An advisory panel made up of representatives from companies across the region comes to the campus twice a year to take a look at the curriculum and make recommendations on keeping the programs relevant.
“They take a look at our labs to ensure that the equipment is up to date and comparable to what our grads will see when they enter the workforce,” says Perren. “So we have a strong working relationship with business and industry, and I think that’s really one of the keys to the success of the technical colleges across Georgia.”
Lanier Tech has experienced an uptick of about 18 percent in enrollment since the new campus opened. Today about 365 students are enrolled, and plans call for expanding both programs and enrollment in coming years. Increasingly, students and their parents are realizing that today’s manufacturing jobs are very different than those of decades past.
“It’s a pretty high-tech environment, and it’s not repetitive actions where a worker is putting on the driver side wheel of a car 5,000 times a day,” Perren says. “They are working and making meaningful decisions. It does require a fairly sophisticated skill set for a person to be successful in that manufacturing environment. It’s very safe. Today’s kids have grown up immersed in technology, and today’s manufacturing workplaces are full of high-tech operations and procedures.”

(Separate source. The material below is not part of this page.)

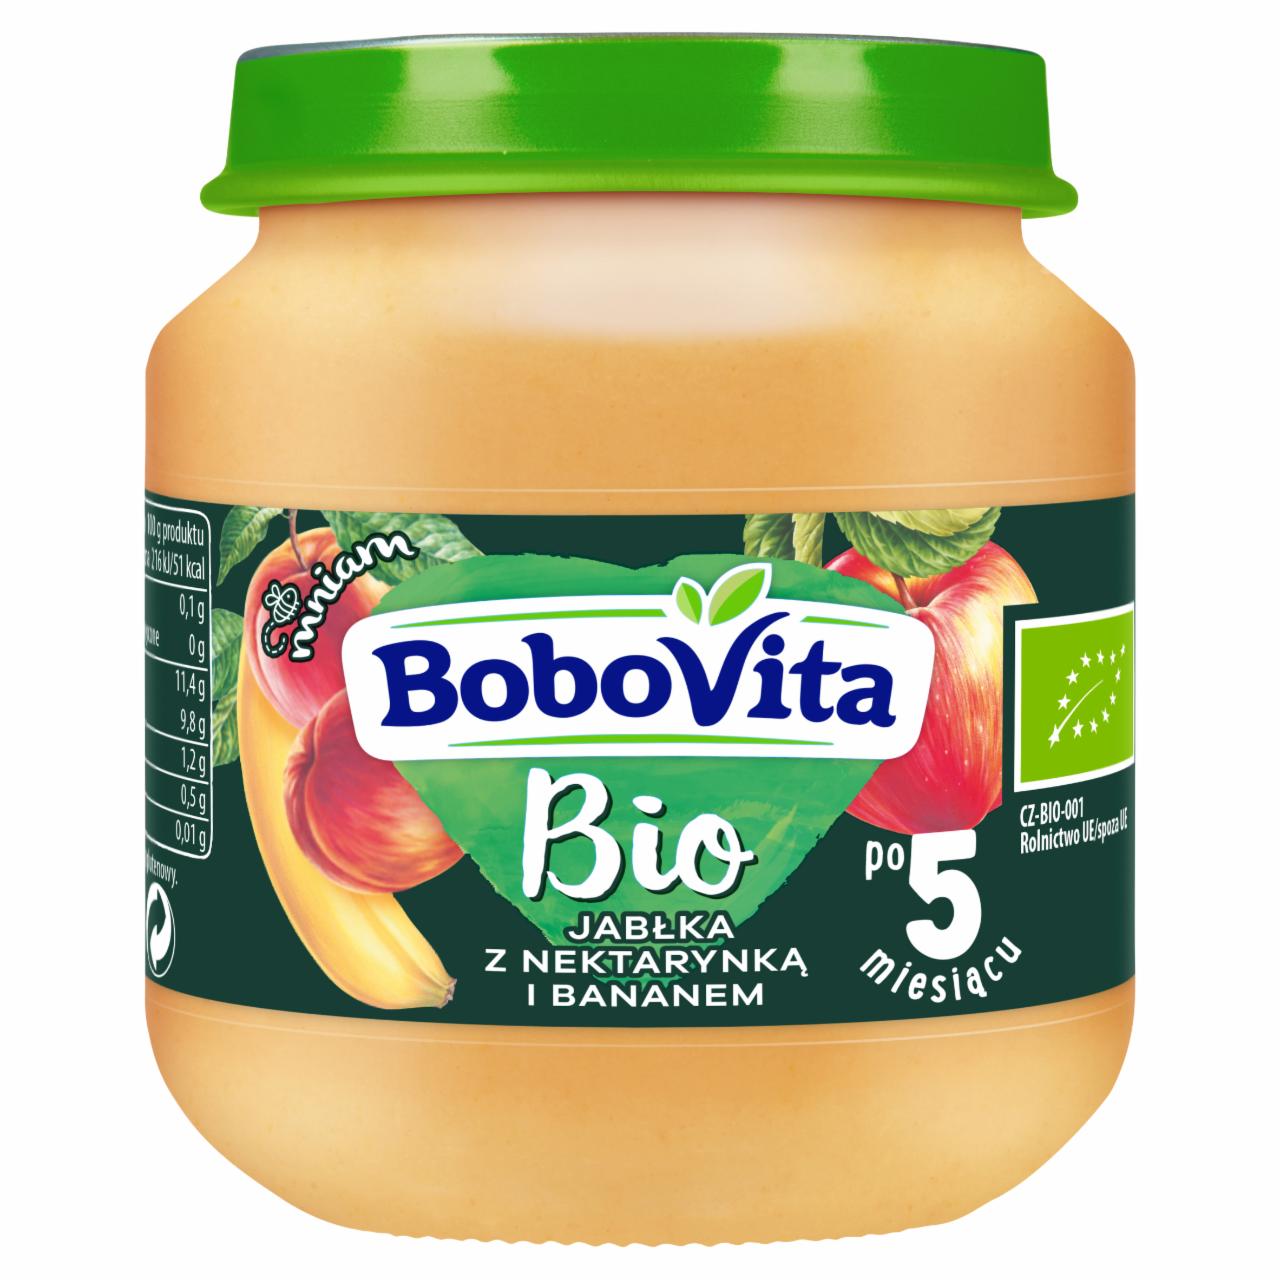 Zdjęcia - BoboVita Bio Jabłka z nektarynką i bananem po 5 miesiącu 125 g
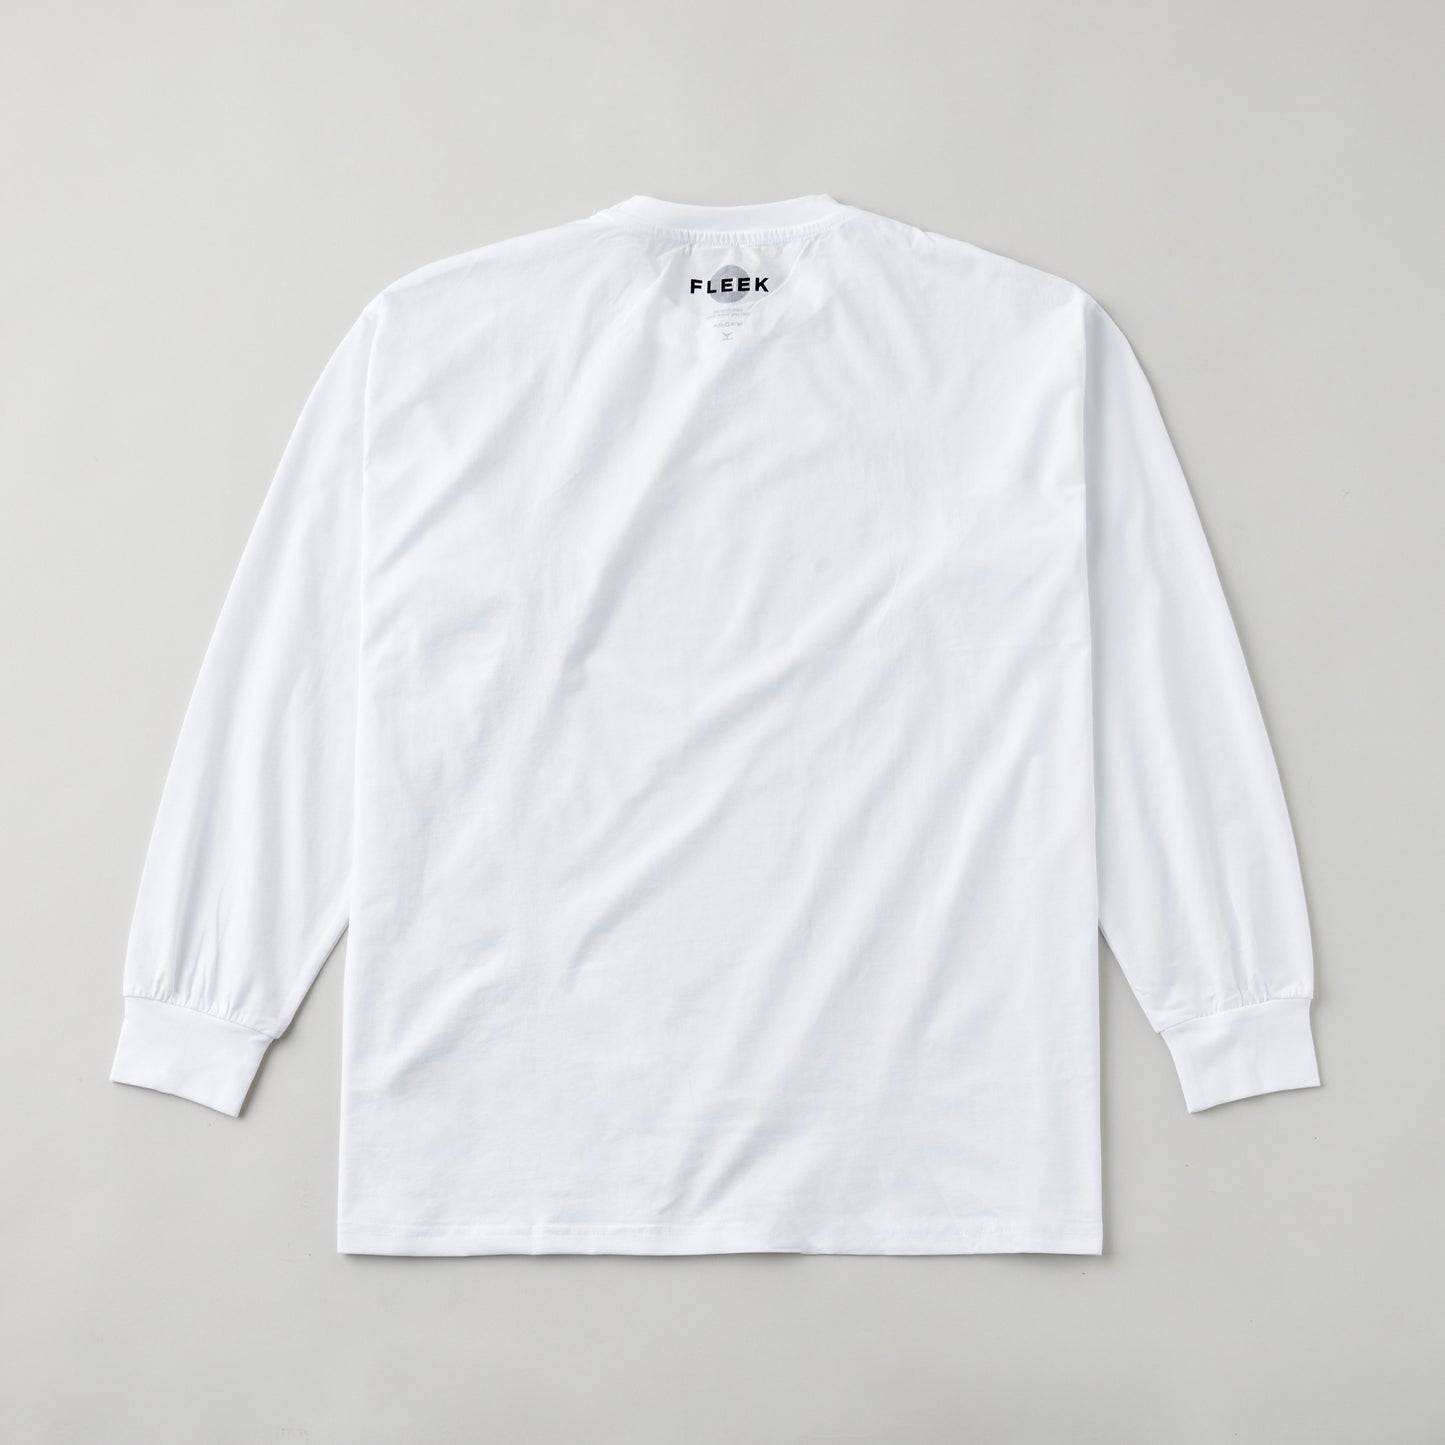 FLEEK ドライクルーネック ロングスリーブシャツ ホワイト グレーロゴ

Next door, Sims Academy has opened wide the “doors for workforce development for our kids,” says Barrow County Schools Superintendent Chris McMichael. Since opening, enrollment has soared to more than 400 students a day with a long waiting list of kids who want to get into a program.
The most popular programs for students enrolled in the school include robotics and culinary arts, with broadcast video, construction and agriculture also getting a lot of interest, he says.
Lanier Tech and the school system worked closely to ensure that the two schools compliment each other.
“We coordinated while we were planning in order not to duplicate any services,” explains McMichael. “For example, our kids go over there to use their automotive lab. Moving into dual enrollment makes it very convenient. They can go over there and take courses, and we provide transportation, which most career academies don’t do.”
Sims is a good indication of the emphasis now being placed on workforce training as a way to help drive economic development. Along with working closely with the technical college, the school system looked at research and the experience of other career academies across the state to determine what kinds of programs were most in demand.
“We worked very hard to pick things that we knew would have some future for our kids,” he says. “We didn’t want to offer a class just because we had always had them, but because they were relevant to what the economy around here needed.”
Sims also assembled an advisory board comprised of business leaders and plant managers from around the county. They’re able to tap into firsthand knowledge about processes and equipment used at Solvay, a local chemical manufacturer in town, for example, or the skills needed by workers at the Chico’s distribution facility and call center in Winder.
HOME BUILDING BLOSSOMS
The increase in home building has meant that the formerly empty subdivisions – many little more than “PVC farms” with stalled construction and pipes rising from the ground – are finally starting to be completed. Developers have been picking up land at reduced prices from the banks that held them in foreclosure. With most of those bargains now gone, home prices are likely to start edging up again, according to Jerry Maynard with Maynard Realty.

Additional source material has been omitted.